-- TRY IT --
Every line below from the one with "Western blot detection" through the one with "orange and black under armour backpack" should be retyped exactly, both ends included; no other lines and no pictures.

=== PROVIDED DATA ===

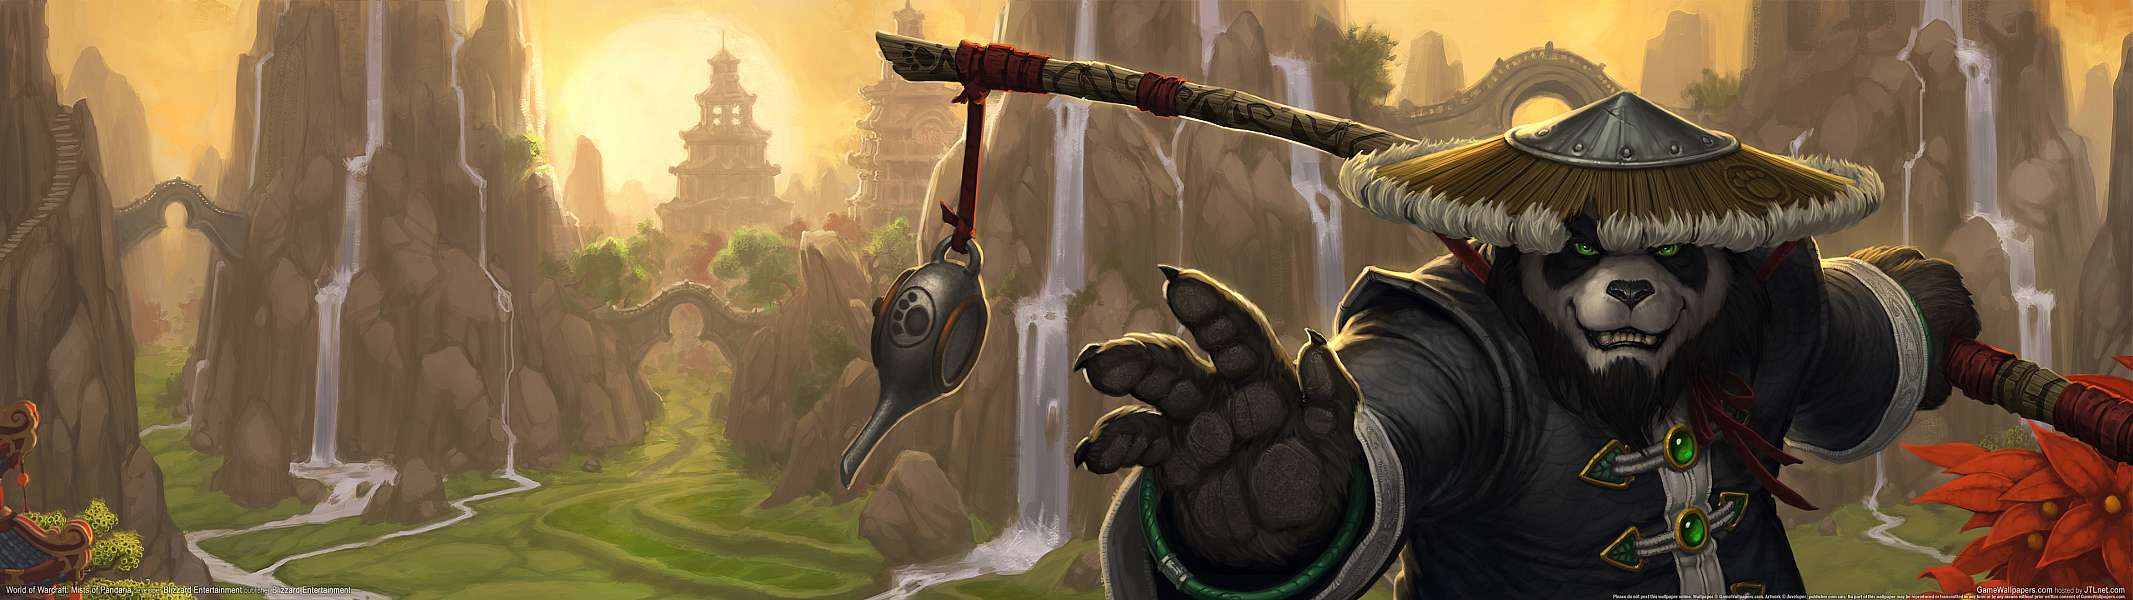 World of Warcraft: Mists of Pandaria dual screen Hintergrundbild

===
=== PROVIDED DATA ===

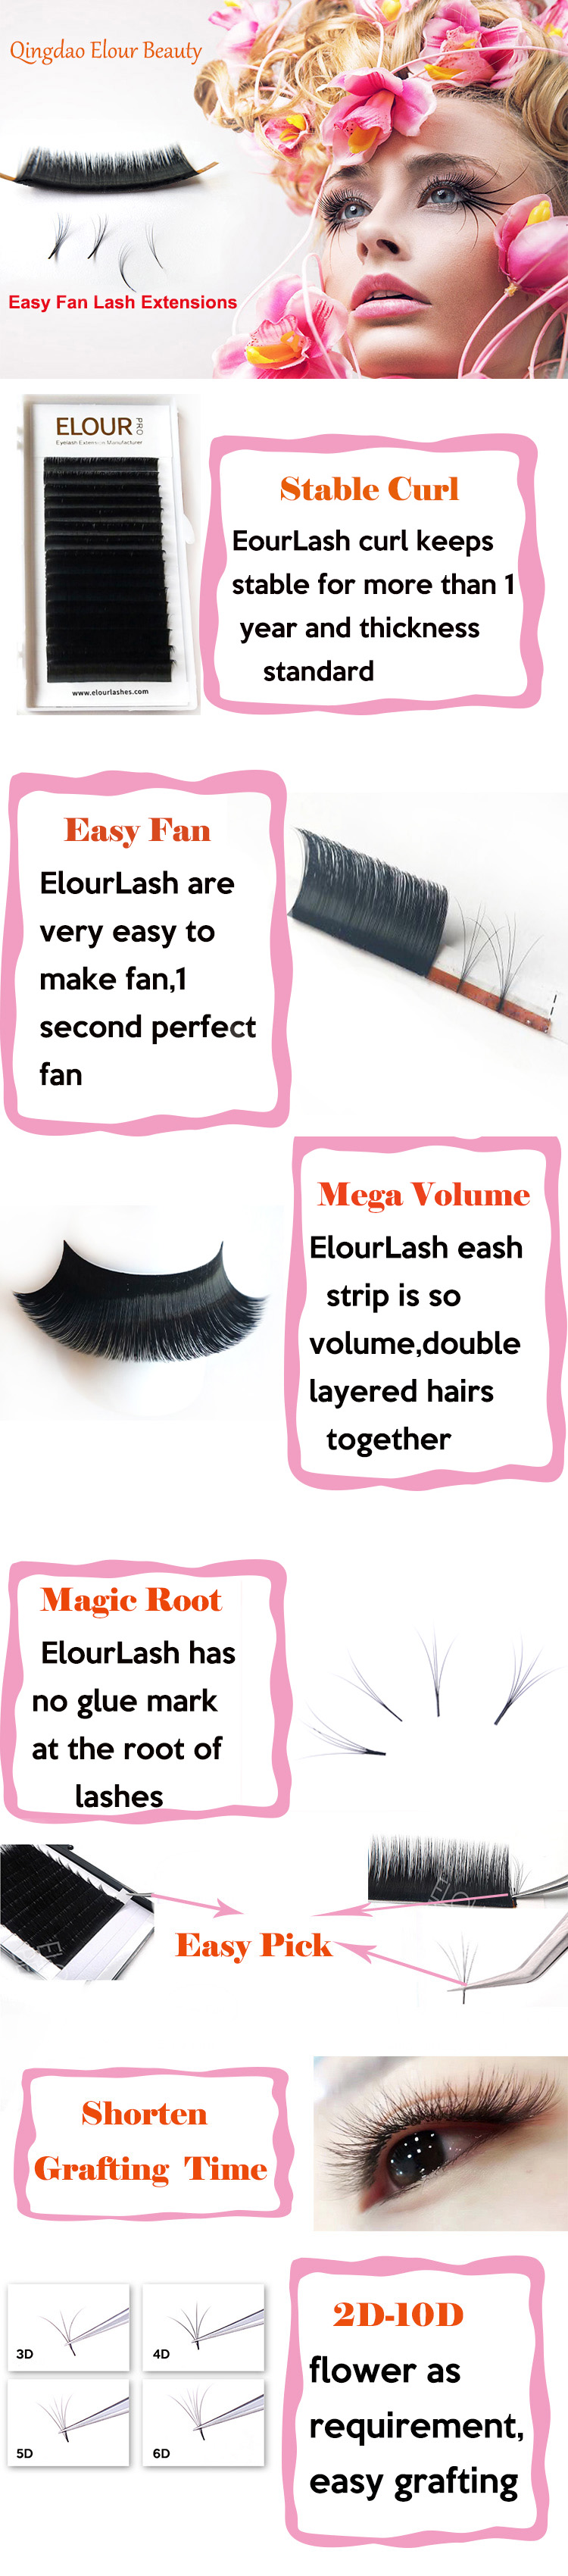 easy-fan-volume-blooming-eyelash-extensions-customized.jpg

===
=== PROVIDED DATA ===

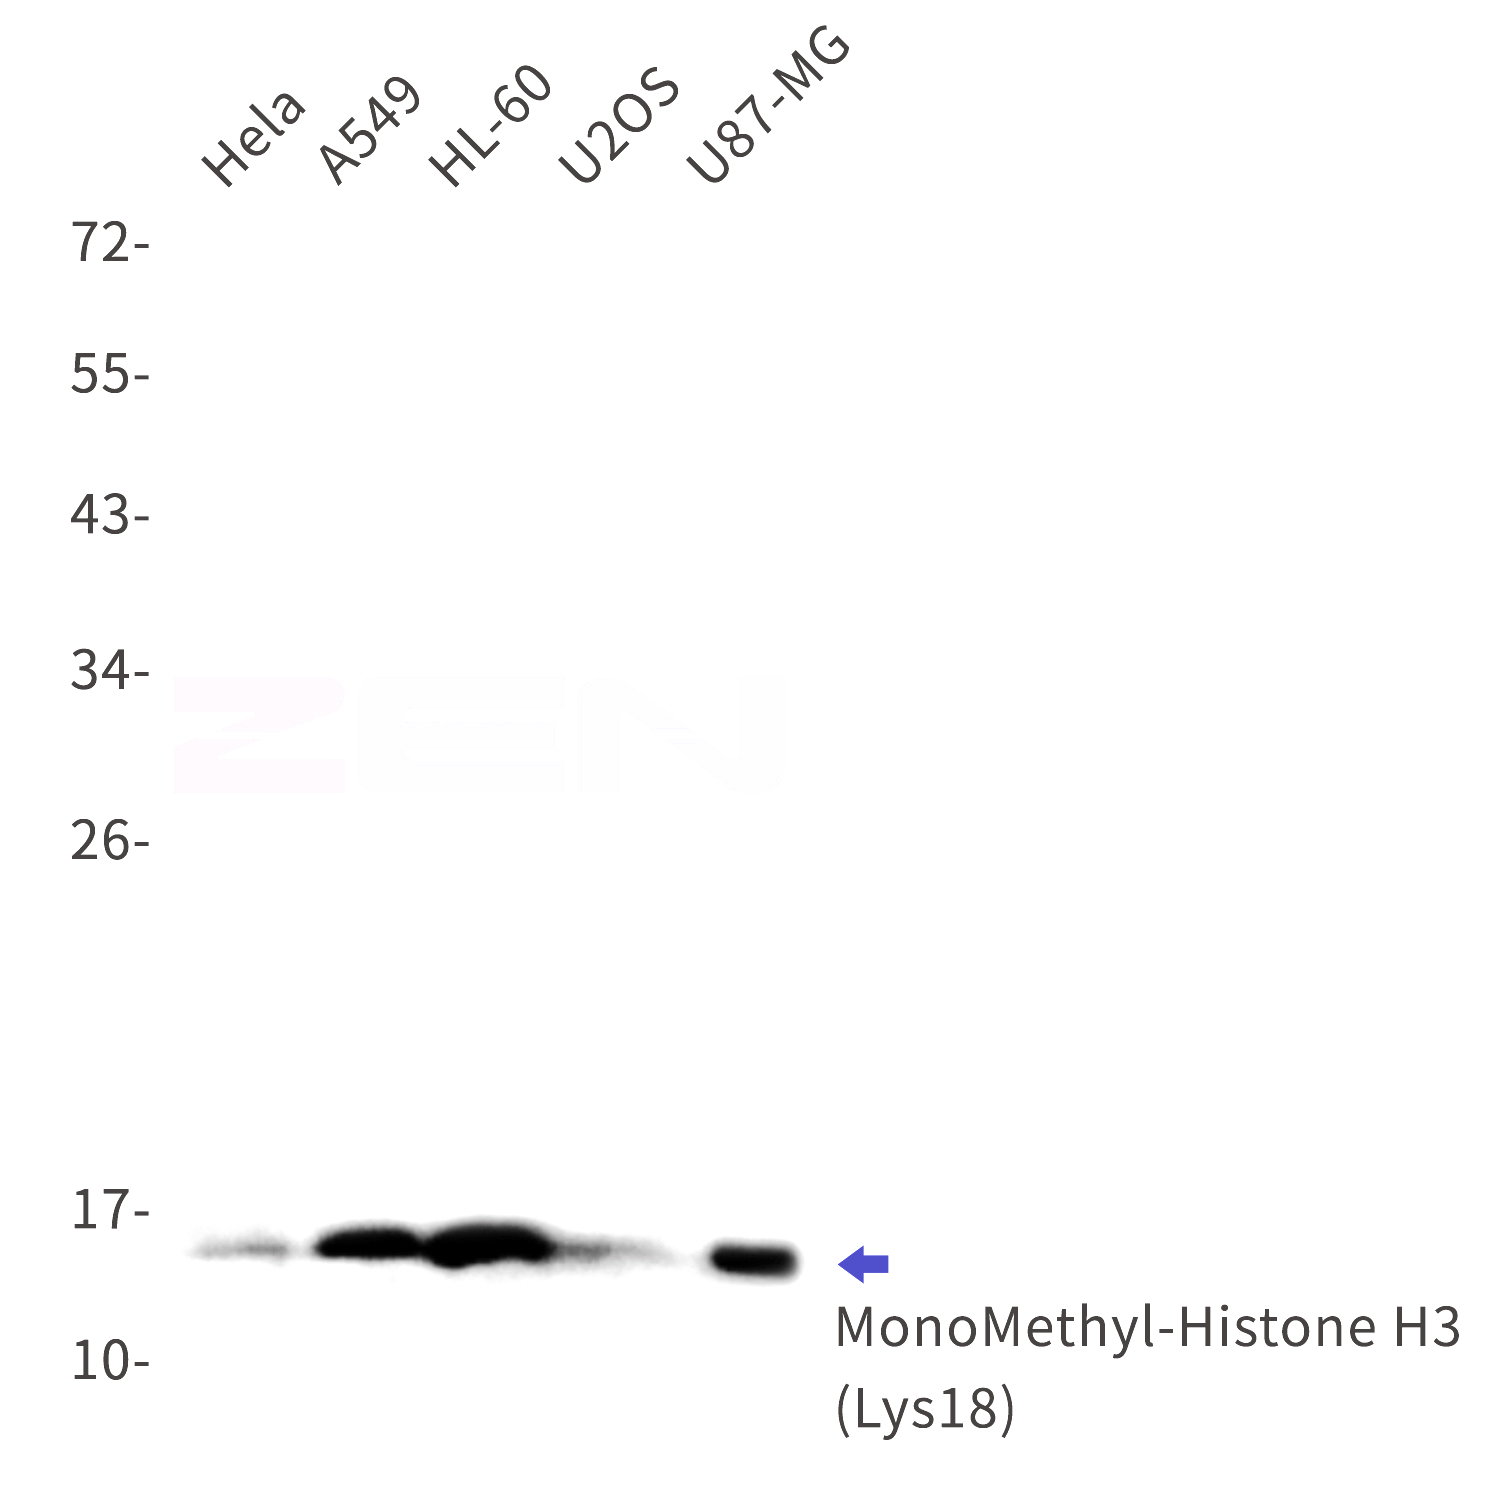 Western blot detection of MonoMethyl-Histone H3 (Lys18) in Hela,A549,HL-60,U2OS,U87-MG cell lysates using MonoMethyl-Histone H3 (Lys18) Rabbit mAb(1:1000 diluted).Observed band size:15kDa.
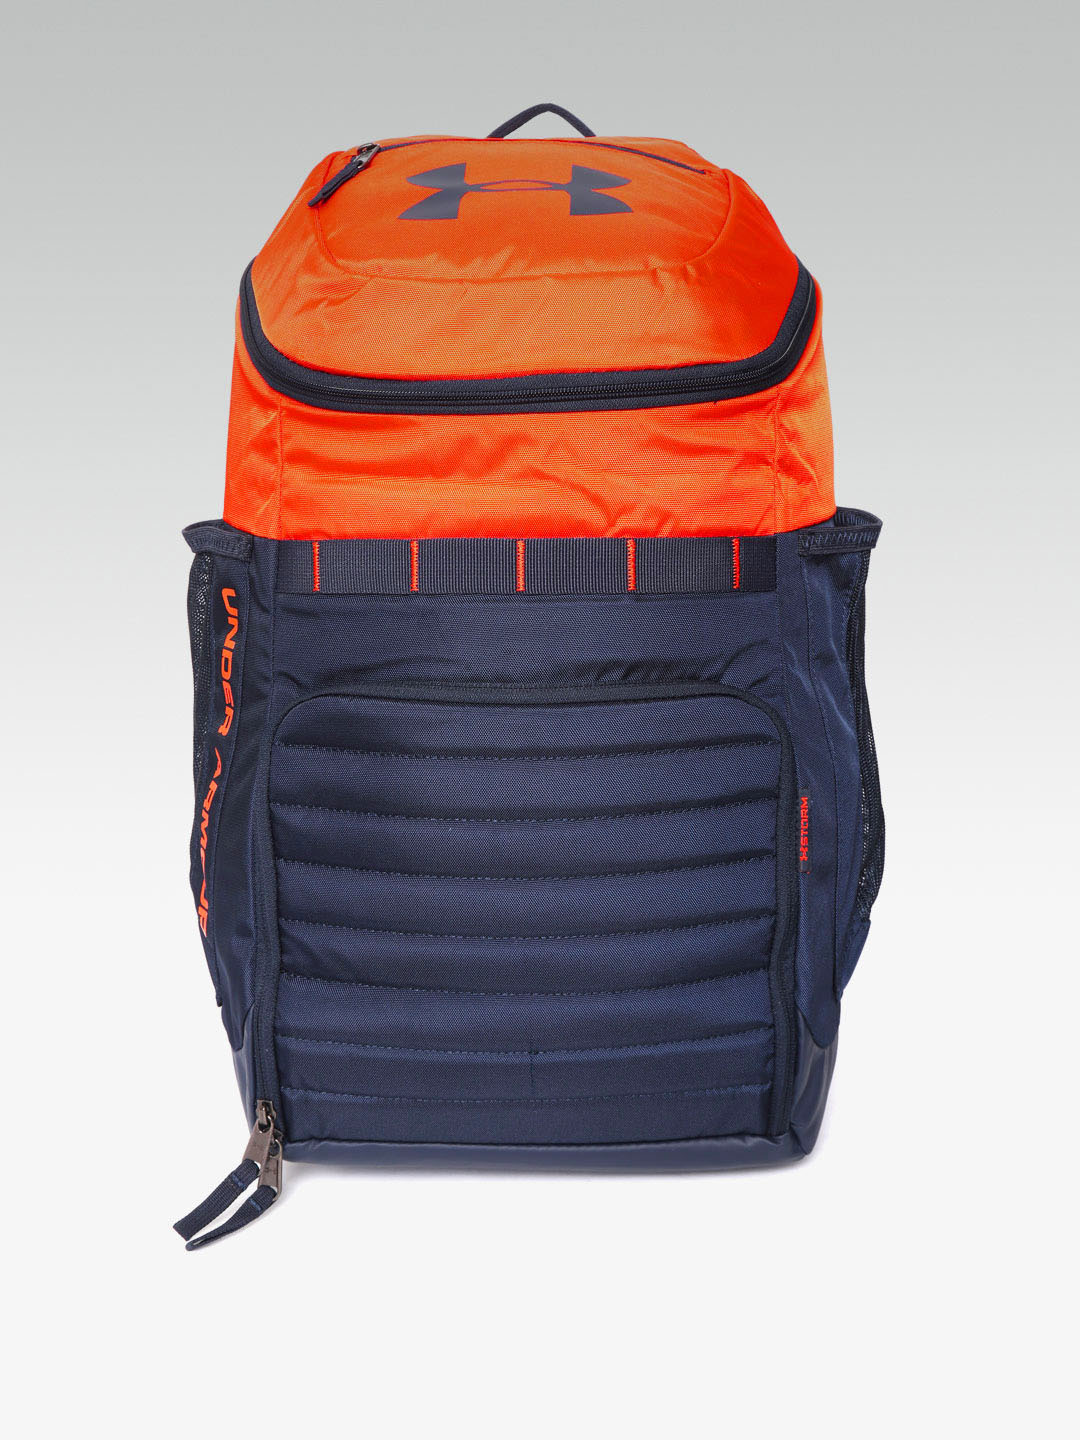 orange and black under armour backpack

===

-- ANSWER SPACE --
 Western blot detection of MonoMethyl-Histone H3 (Lys18) in Hela,A549,HL-60,U2OS,U87-MG cell lysates using MonoMethyl-Histone H3 (Lys18) Rabbit mAb(1:1000 diluted).Observed band size:15kDa.
 orange and black under armour backpack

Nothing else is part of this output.